What does Linux look like?

 11:12 am on Mar 14, 2002 (gmt 0)

That is not an easy answer. With Linux you have literally hundreds of graphical interfaces to choose from. I don't mean just window dressing, but actual desktop environment as well. I wanted to give the non *nix user a sample of what some of the more common desktops and window managers look like, All the shots here are of the same computer. Most of the shots are relatively empty so I could show the desktop/window-manager instead of cluttering the screen with applications. In most of the shots you will see a browser -- I wanted to show some of the variations available to the *nix world (ranging in size from lynx to Mozilla), all of them are open source

The two desktop environments that get the most attention are KDE and Gnome -- both are very handsome and both have a slight resemblance to windows. KDE has the most features, but it is also quite large. I think Gnome is also very functional and aesthetically pleasing. As you could tell by my screen-shots I really do not use either much, these shots are pretty much how they look 'out of the box'

KDE [cgi-fun.hypermart.net] -- that is the Konquerror browser.
Another KDE shot [cgi-fun.hypermart.net] -- this is one of the standard themes.

Gnome pretty much out of the box [cgi-fun.hypermart.net], That browser is Galeon which is absolutely the most functional browser I have ever used.

Another shot of Gnome [cgi-fun.hypermart.net] with a fancy blue theme.

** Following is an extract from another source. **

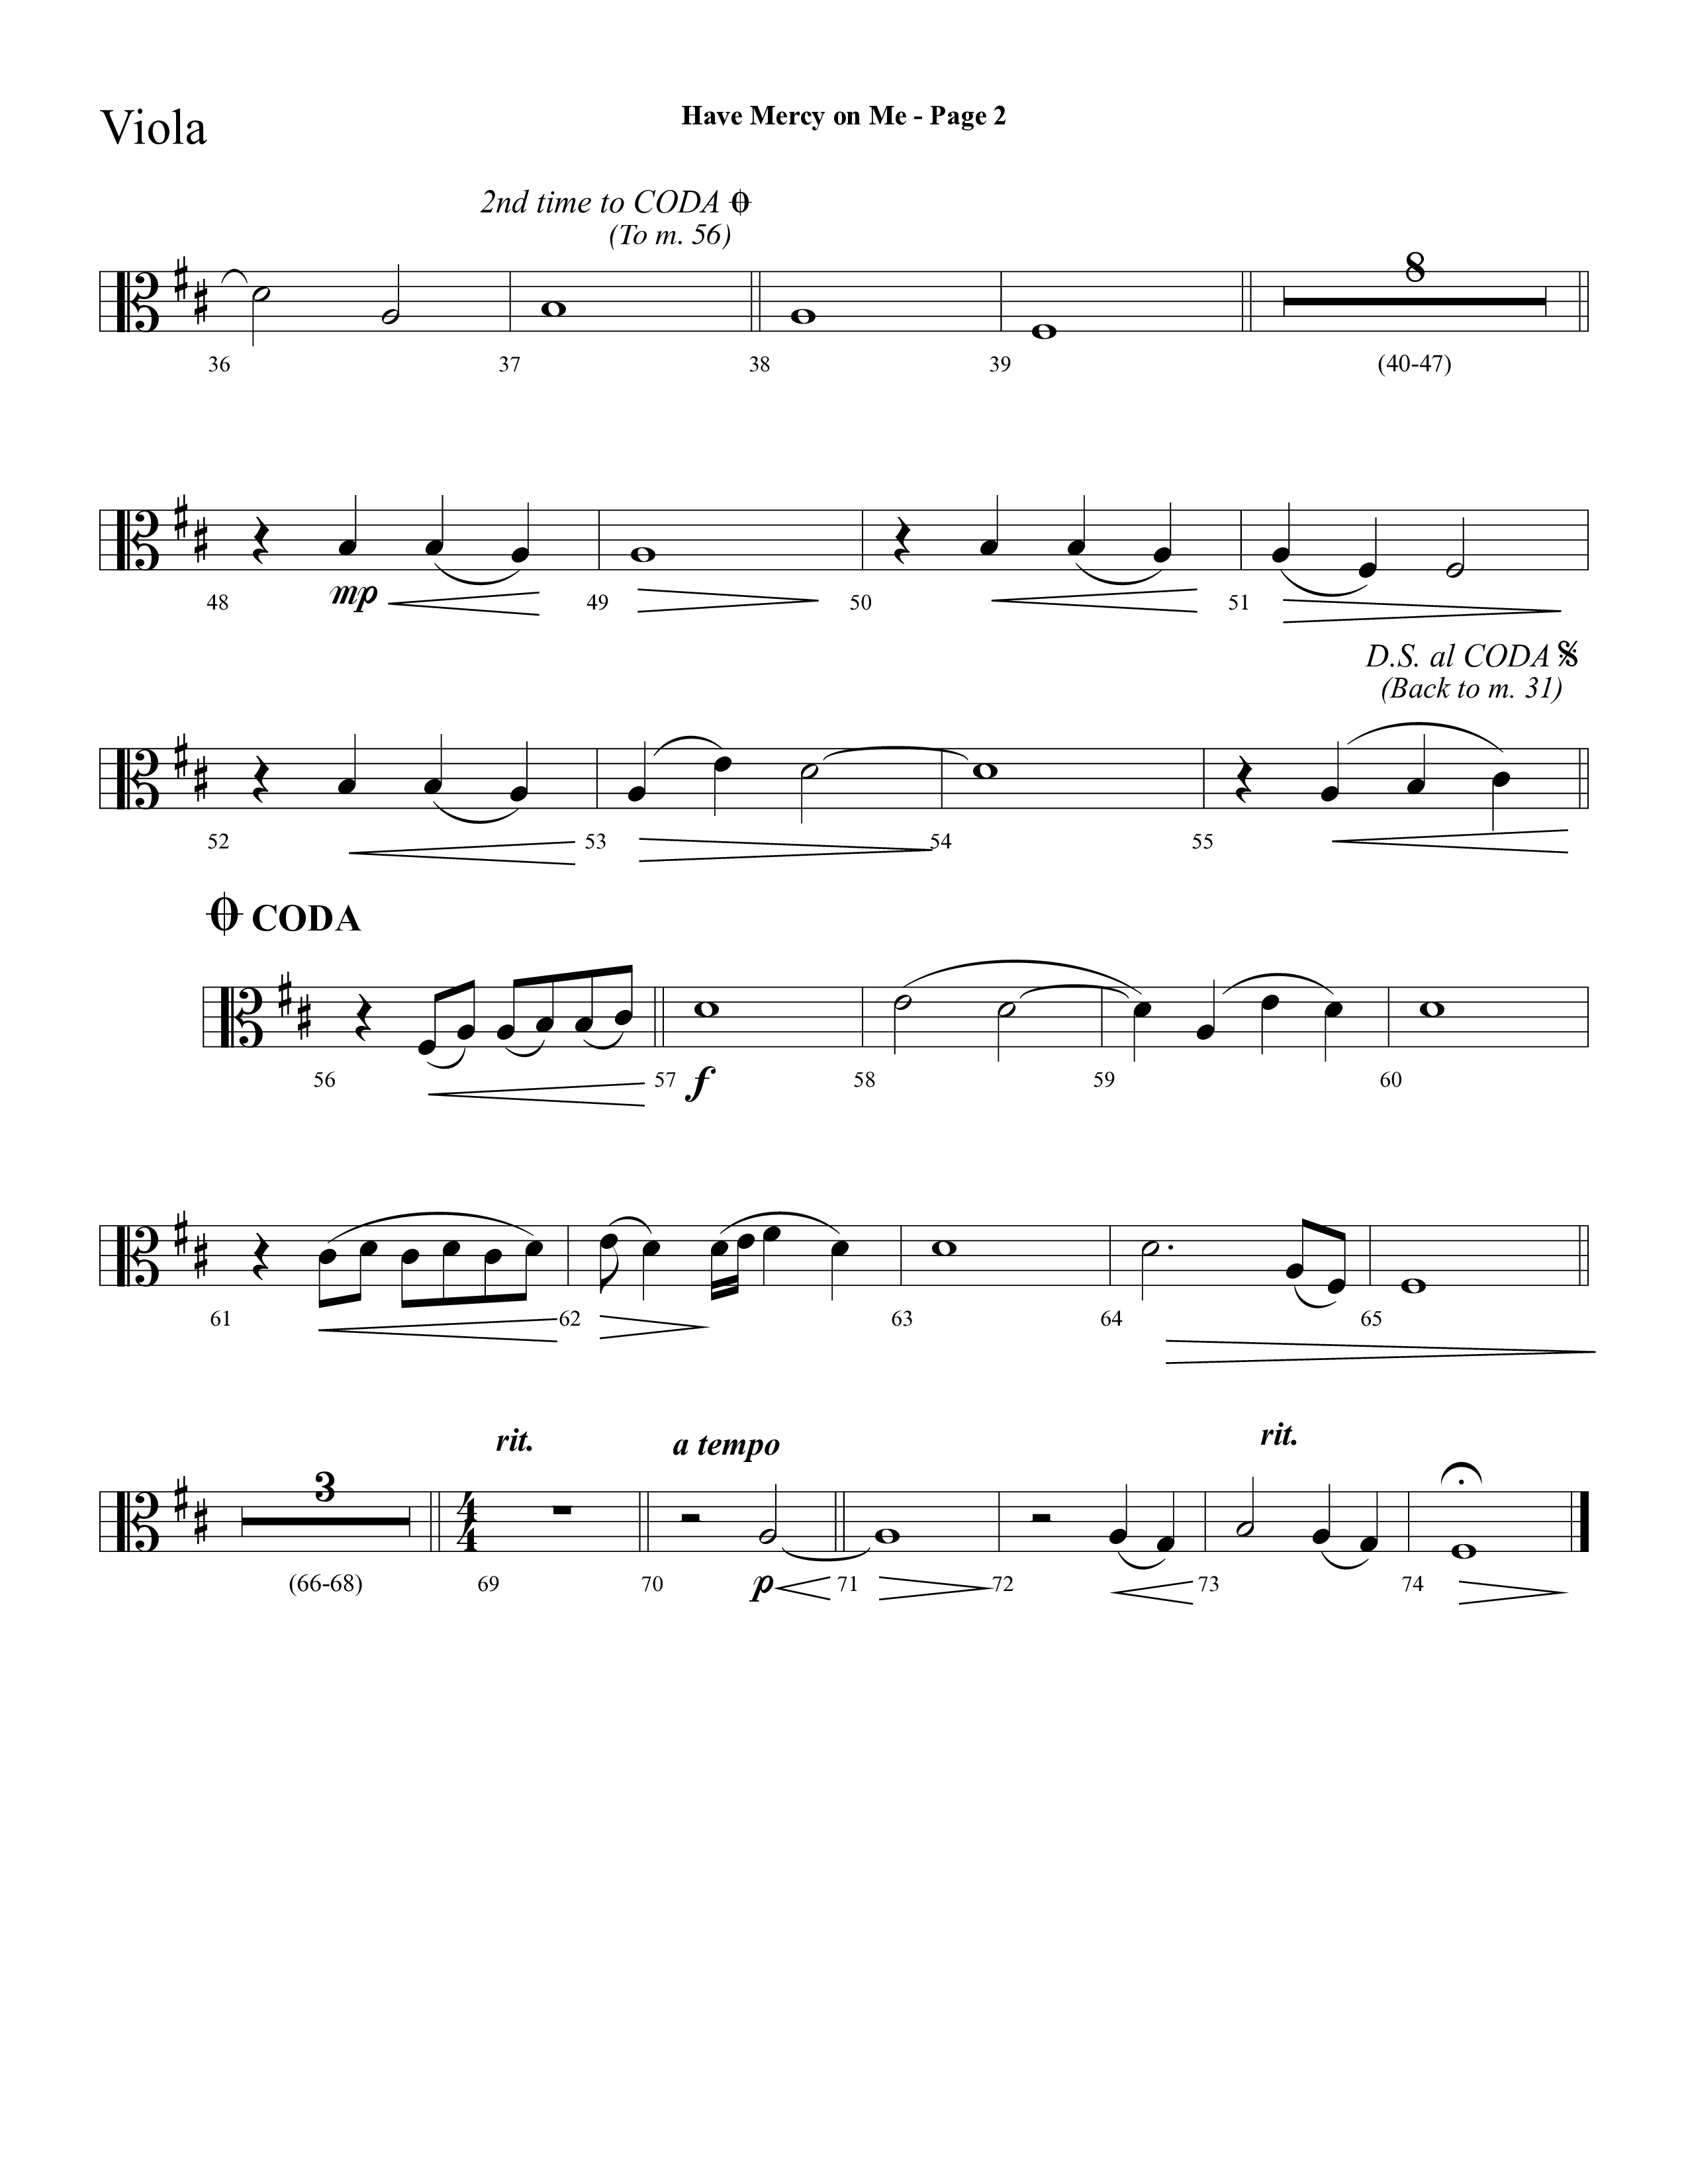 Have Mercy On Me (Choral Anthem SATB) Viola (Lifeway Choral / Arr. Phillip Keveren / Orch. Stephen K. Hand)

TWM [cgi-fun.hypermart.net] (Tom's Window Manager) is a huge contrast to Gnome or KDE, it is basic and has very little e eye candy, It is known as the grandfather of many window managers, as it is one of the oldest and several WMs started life based on it's code/

Xfce [cgi-fun.hypermart.net] like KDE and Gnome is more than a window manager, it has many desktop functionalities including a sound manager, a file manager, a program launcher, drag and drop capabilities, and many other functions, yet Xfce is also a very light environment to work in and works nicely on less powerful machines.

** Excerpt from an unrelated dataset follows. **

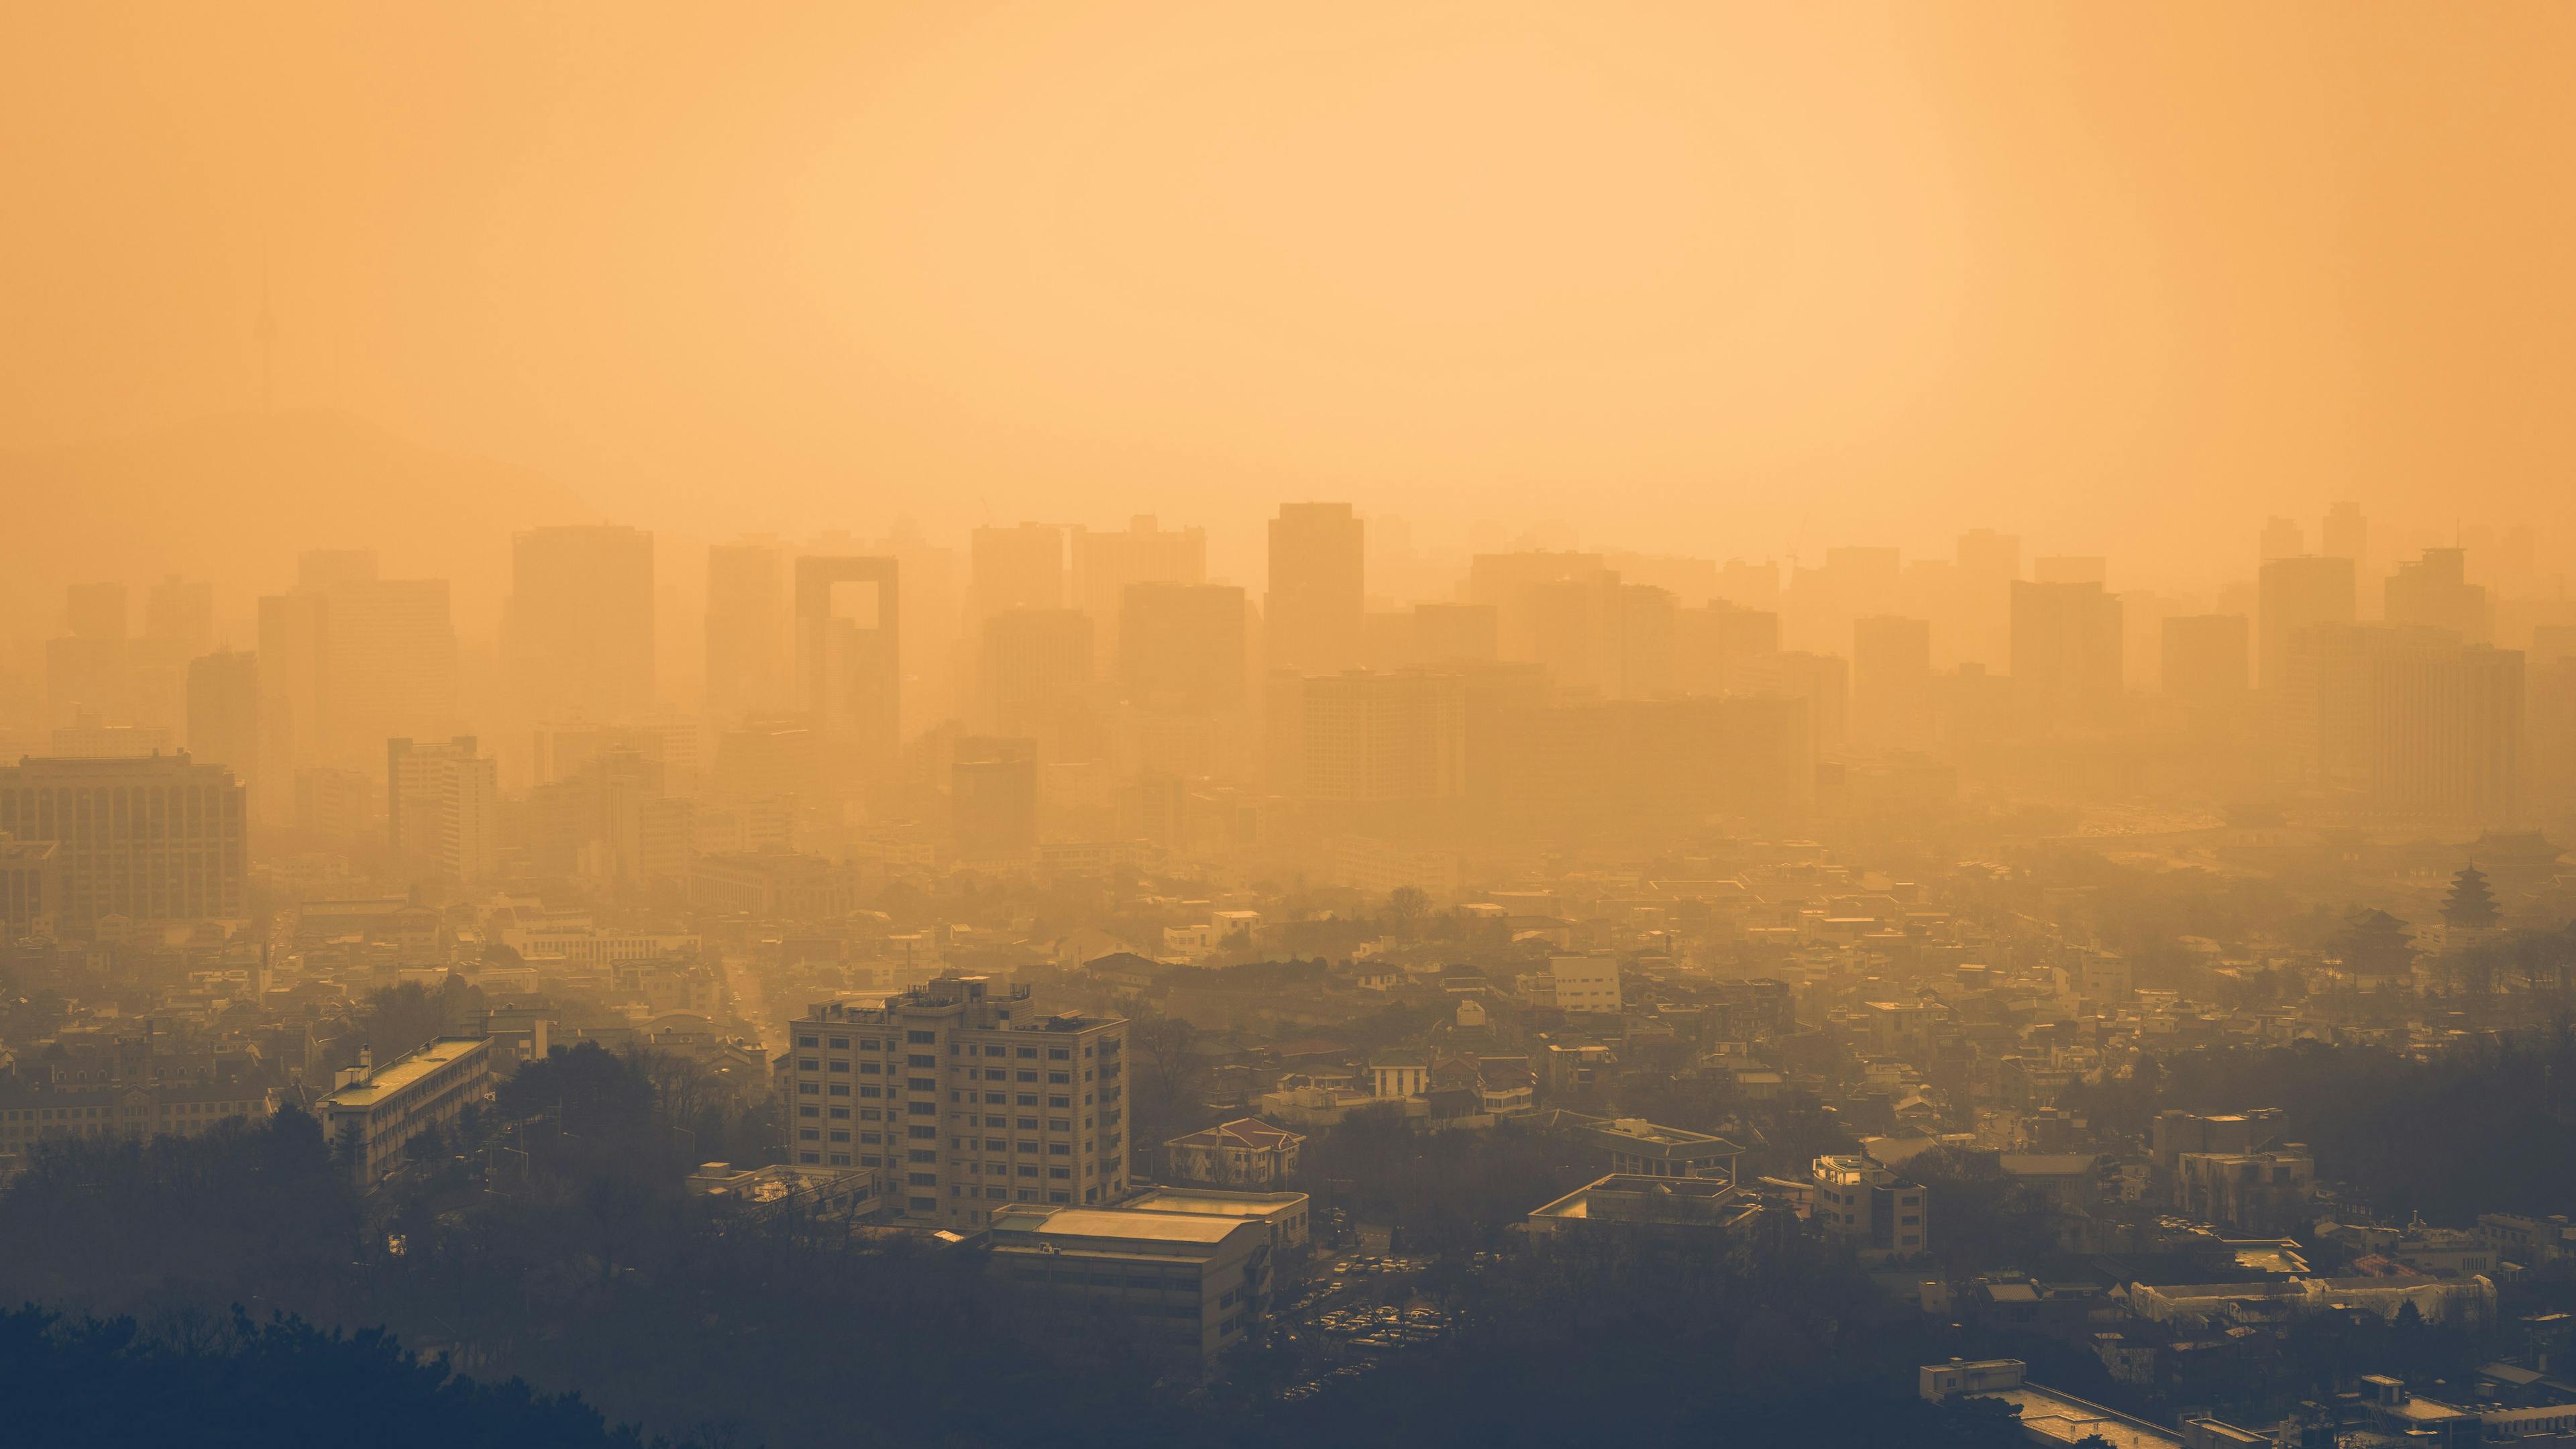 City fine dust | Image Credit: © ttlsc - stock.adobe.com

Afterstep [cgi-fun.hypermart.net]is a very popular window manager modeled after NeXTStep. The browser there is Dillo, it is less than 250K in size.

Window Maker [cgi-fun.hypermart.net] is the child of Afterstep, it is a beautiful and very stable window manager. That is Links a text based browser. I actually like using it every ones in a while, it is very good for reading forums.

If you are into eye candy you will really like Enlightenment. I'll just let the screenshots speak for themselves:
Enlightenment 1 [cgi-fun.hypermart.net]
Enlightenment 2 [cgi-fun.hypermart.net]
Enlightenment 3 [cgi-fun.hypermart.net]

In contrast, ICEwm [cgi-fun.hypermart.net] is all about being light and functional. ICE resembles win95 somewhat, but it's strengths are in it's light weight and ease of use. ICE has keyboard shortcuts for every function, you do not need a mouse to use it. I used it daily for about six months and it never did crash on me.

PWM [cgi-fun.hypermart.net] is a Tab based window manager that allows you to join multiple applications to one frame. PWM is in my opinion the quintessential opposite of Enlightenment -- all function, no eye candy.

Blackbox is also based on the NexSTep, but is boiled down to basics. BB manages to be handsome and slim at the same time. BB is very different than what most windows users are use to. The menu is always one right mouse click away. When applications are iconified the do not shrink down a taskbar or a desktop icon, but instead they go to an icon sub-menu. Blackbox is a super lightweight, it is very good on older machines.
Blackbox 1 [cgi-fun.hypermart.net], that is lynx, another text based browser.
Blackbox 2 [cgi-fun.hypermart.net], this is how BB looks at default.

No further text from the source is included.